At best, their first fight could have been scored as a one or two round swing in either direction for either guy. But when Van Hoy called 10 rounds for Diaz and 2 for Malignaggi, it sent the conspiracy theorists – and mostly Malignaggi – into a state of hysteria.

While Diaz is quite well aware he didn't have to accept this fight, he did so because he felt it was the only way to put the questions that surrounded the decision in the first fight behind him. He says he has put that fight in his rear-view mirror, but he believes Malignaggi and the public have not, so he agreed to the rematch.

"The fight in August was in August, that was the past," Diaz explains. "Now I'm looking forward to the future. December twelfth is another night, another city and another public. I think all of the fans wanted to see a rematch between the two of us. I don't want to leave any of my fights in doubt. But I love it when people doubt me. That's really what drives me. That's when I come to the top and rise to the challenge. When my back is against the ropes, that's when I perform at my best."

Earlier this year, Diaz and his manager, Willie Savannah, traded a robe and trunks for a cap and gown.

Diaz claims he used the firestorm of protest that enveloped the first fight to help fuel him on to new heights. As a result, he feels that tonight will see him at or near his peak form.
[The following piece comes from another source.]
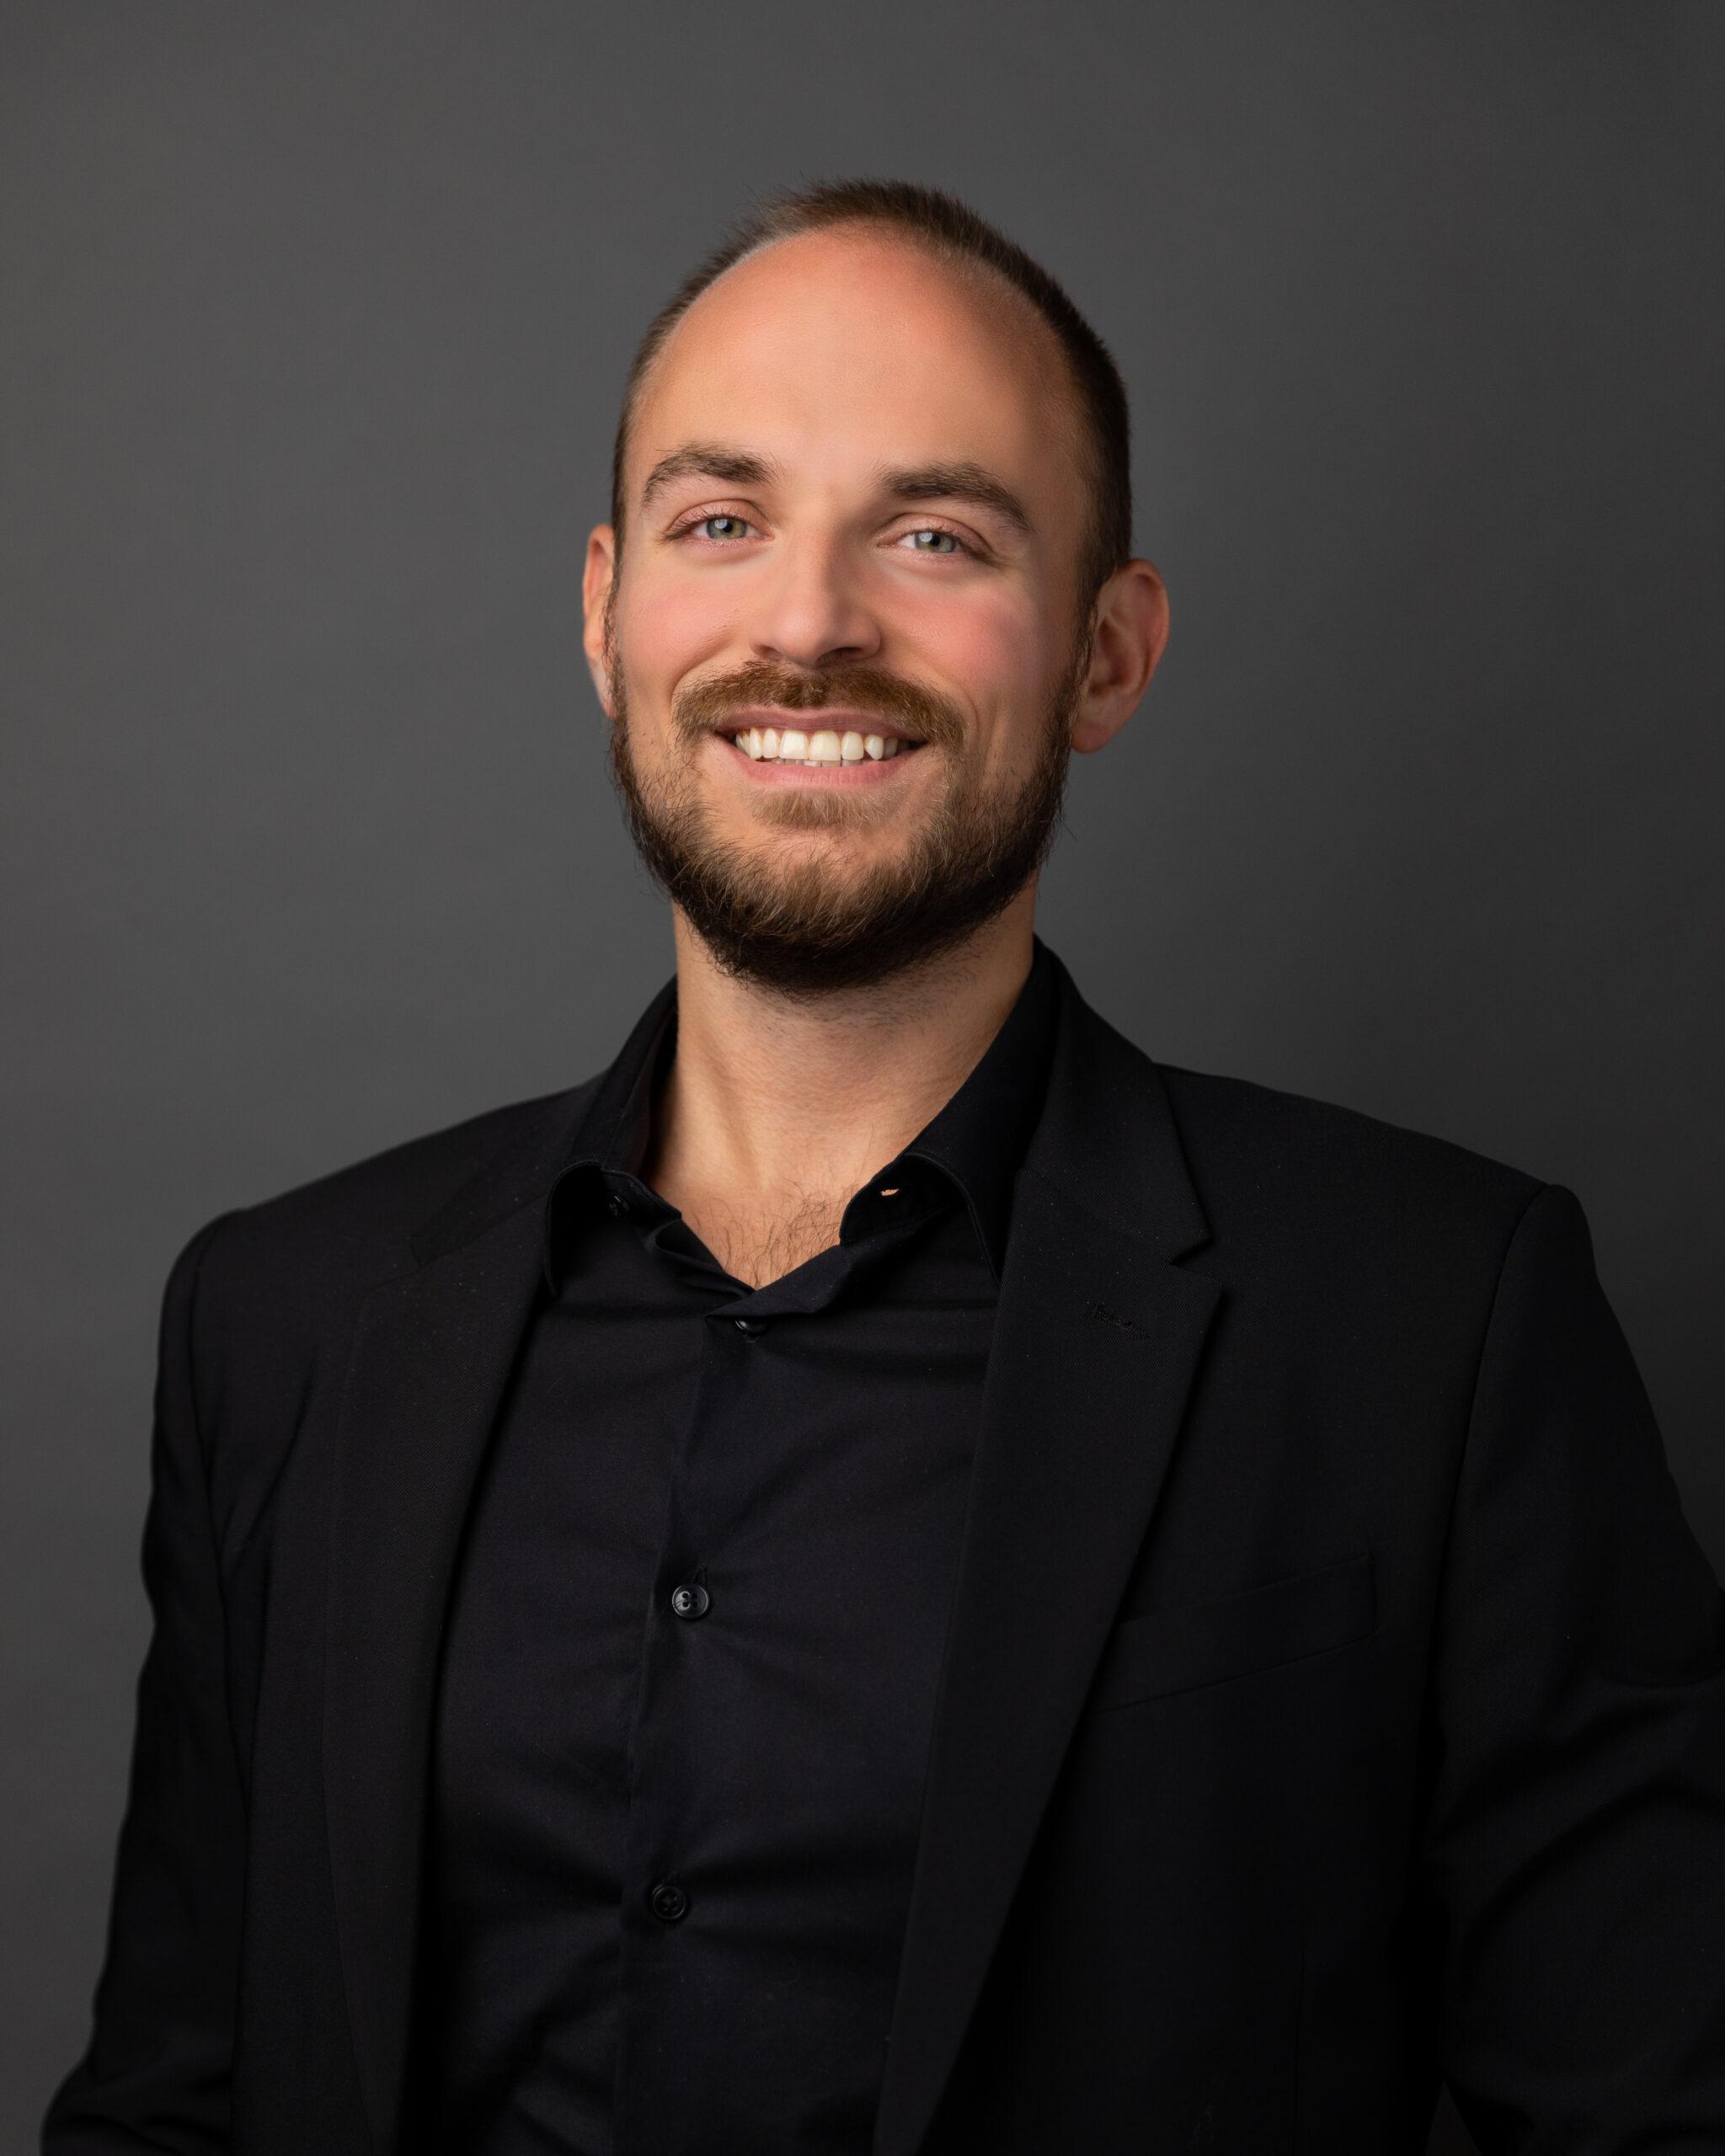 Adam Pierzecki

Diaz indicted he may not have been in the best of shape the first time around and mentioned that he wasn't as focused for Malignaggi as he had been for past fights when he was the 135-pound champion. But after a solid 10-week training camp, in which he weight-trained under the auspices of strength trainer Brian Caldwell and paid strict attention to a well-balanced diet, Diaz feels tonight is his night to shine. For this bout, neither fighter can weigh more than 139-pounds

"This time around, I've had a little more time to adjust and I didn't have as much time to rest up since the last fight, but that's the way I like it," he said. "I'm a real active fighter and I like to stay active as much as I can. I've been eating right day-in and day-out."

In a year that has seen him engage in a fierce, fight of the year type battle versus Mexican great Juan Manuel Marquez (in which he was knocked out in the 9th round) and the controversial bout with Malignaggi, Diaz just wants to set the record straight before the book is closed on 2009.
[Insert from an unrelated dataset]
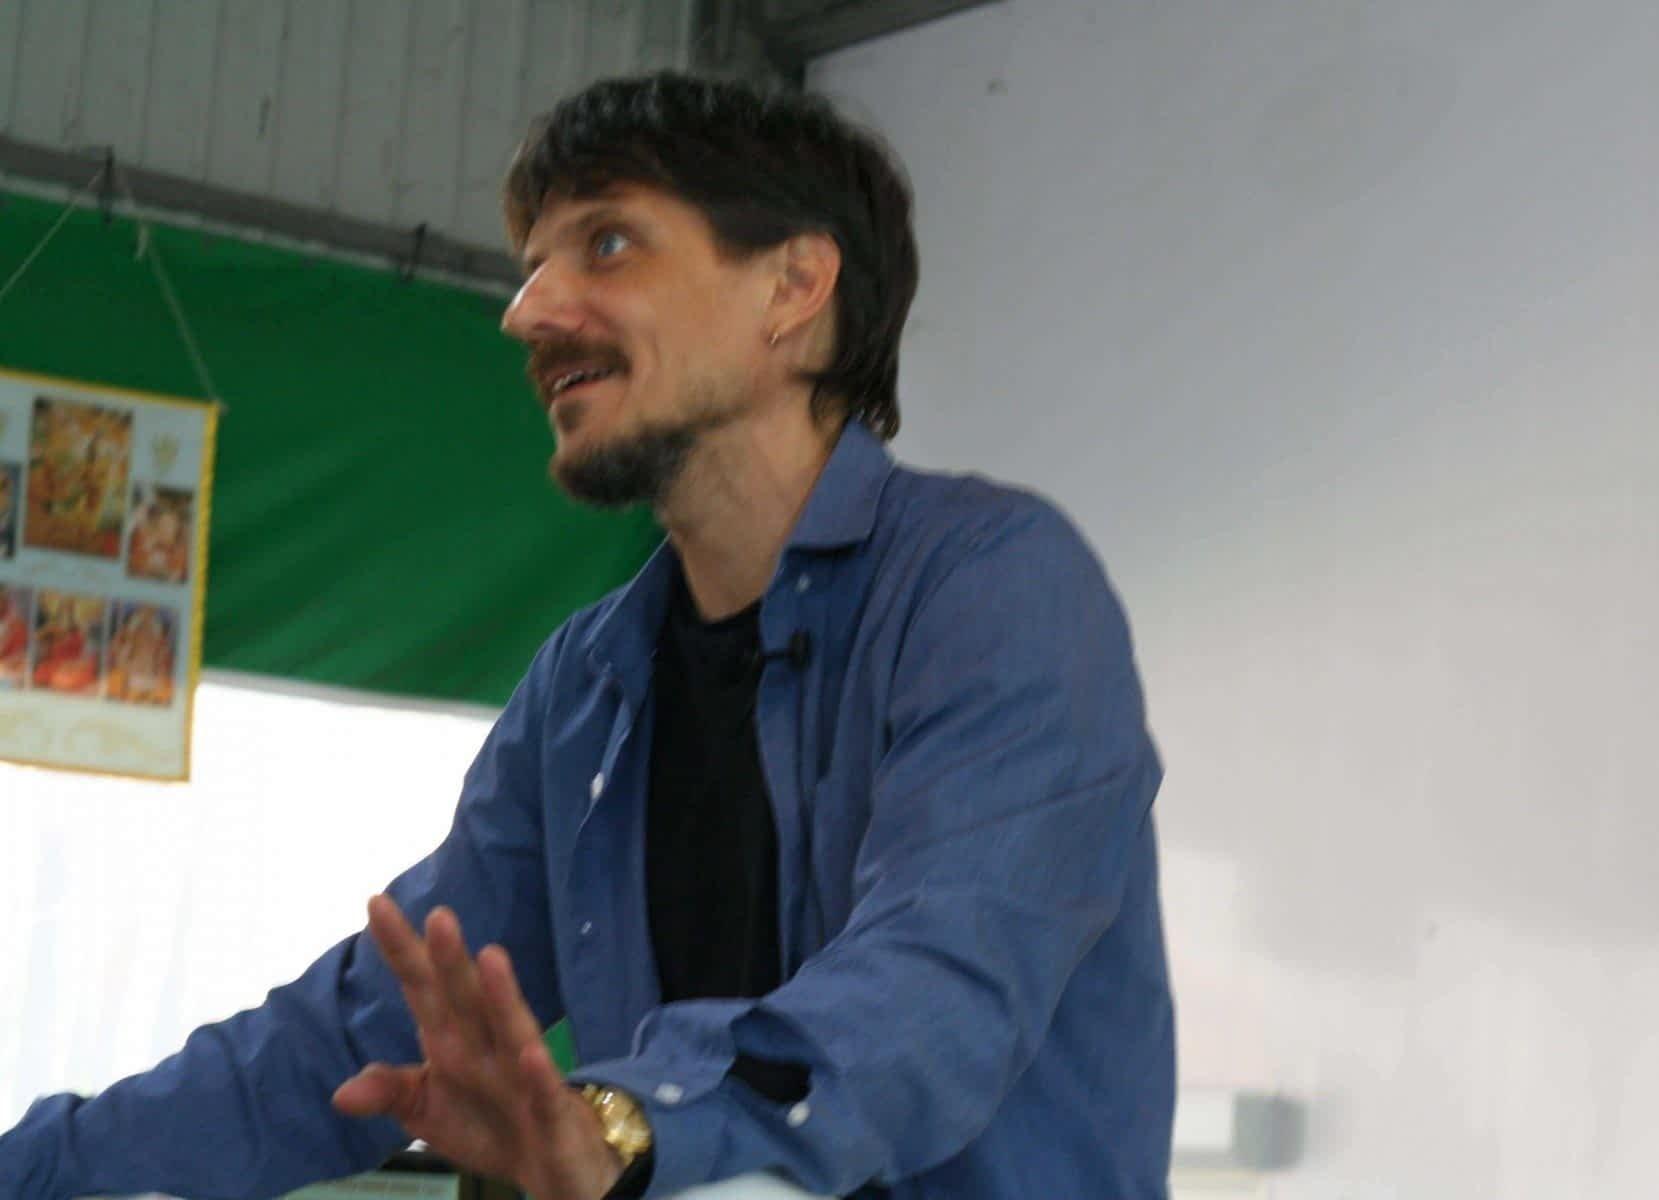 *** Антон Михайлович Кузнецов — семинар і выступления — фестиваль «ДжйотіФест 2019» — фото ***

Something else that becomes clear as you speak to Diaz is that while he is most always amiable, he does have an extremely competitive spirit that sometimes bubbles up from under the surface.

"I told my manager, Willie Savannah, to make this fight," says Diaz. "It doesn't matter where we fight and these guys that talk a lot don't scare me. When I step into the ring, I'm not afraid of anything or anyone. I'm going to be there with pressure and ready to go to war."

But the question is, after all of these years in the sport, with three world title belts, financial riches an education and a bright future ahead of him – why does Juan Diaz still fight on?

"I have everything you've mentioned," he replies. "But I want the marquee fight that I was successful in and I want to come out on top. I want to go down in the history books and I want the history books to say that I was a great fighter. The people that are remembered for doing great things are in the history books because they did great things. I've studied history and political science and in all of those books are people that are remembered. That's what I want."

To do that, he’ll have to get by Paulie Malignaggi. If he’s lucky, maybe it will be the marquee fight that Juan Diaz has always wanted. It would appear as though he has just about everything else.